Is anyone else experiencing this problem? Are there any workarounds?


----------



## paulcdavis (Jan 22, 2004)

I had a similar problem last night. I was watching a DVR event while the 921 was recording one sat channel program and one HD OTA channel. When I stopped the DVR playback and went to the guide I was not able to view any sat channels. The view banner displayed 77 UNK Record. I tried to stop the HD OTA recording from the DVR menu, which caused the 921 to crash, display the Linux "screen of death" and reboot. After the five minute reboot it restarted recording the two programs again. This time I waited until the recording was finished and erased all four DVR events that had been created.

Boot 120B
F051
SW L145 HECD-N


----------



## Mark Lamutt (Mar 24, 2002)

This is a known problem that's on the list. 

The only workaround that I've found is to set a timer for the OTA channel, and make sure you're tuned to a satellite channel before the timer fires. Then, you've got control of the 2 satellite tuners.


----------



## Schaefling (Jan 4, 2004)

Thanks for the info Mark. I will try your workaround and let you know if it works for me. 
I assume that if you are recording OTA in HD then you can only watch satellite channels at the same setting and aspect ratio you are using to record the HD OTA program. Is that correct?


Also, any idea when the next patch is coming and whether or not it will fix this problem?


Schaefling


----------



## pculley (Dec 23, 2003)

Mark Lamutt said:


> This is a known problem that's on the list.
> 
> The only workaround that I've found is to set a timer for the OTA channel, and make sure you're tuned to a satellite channel before the timer fires. Then, you've got control of the 2 satellite tuners.
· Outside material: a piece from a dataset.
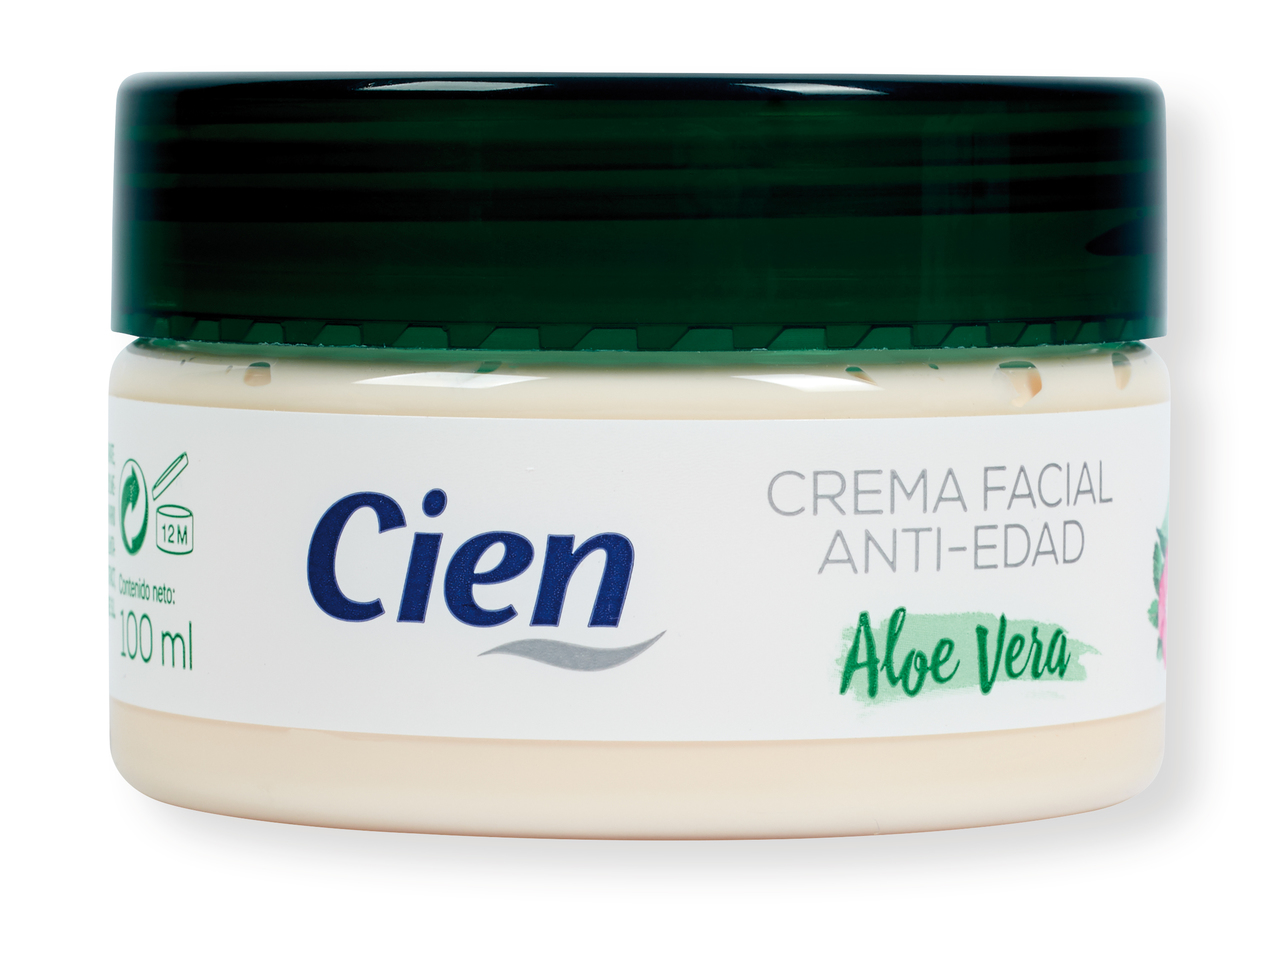 'Cien(R)' Crema facial antiedad

Tried that last night; did not work. Timer fired, sort of, in that the icon came up flashing, followed by the record light on. But when I looked in the guide, it indicated that it was recording one of the Pay per view channels. I tried to select that channel to view, but it would not view, tried to stop it, and the machine got into some state where nothing could be watched. Nothing I did would cause the record light to go out, except a reset. When it came back up, the recording was 0 length. Had to re-add the channel again before watching also. Hope they don't charge PPV fees for this nonsense.

I have basically given up on recording from OTA channels, I have only got it to work once. And even watching an OTA requires re-adding the channel from Menu 6, 8 about half of the time.

Again, if there was a way to clear out the leftover junk from the earlier bad sw version, I think that I have identified a short list of OTA stations that have good signals, that this thing might actually work. But it has been a mess even after the SW update.

Please tell us that there is some magic form of reset to get it to a real factory default condition so we can start over again...

SW L145 HECD-N

P.S. It occurred to me that if the developers are in England, that they probably cannot personally test this thing except with special test equipment, after all they don't have OTA ATSC channels over there at all, do they.


----------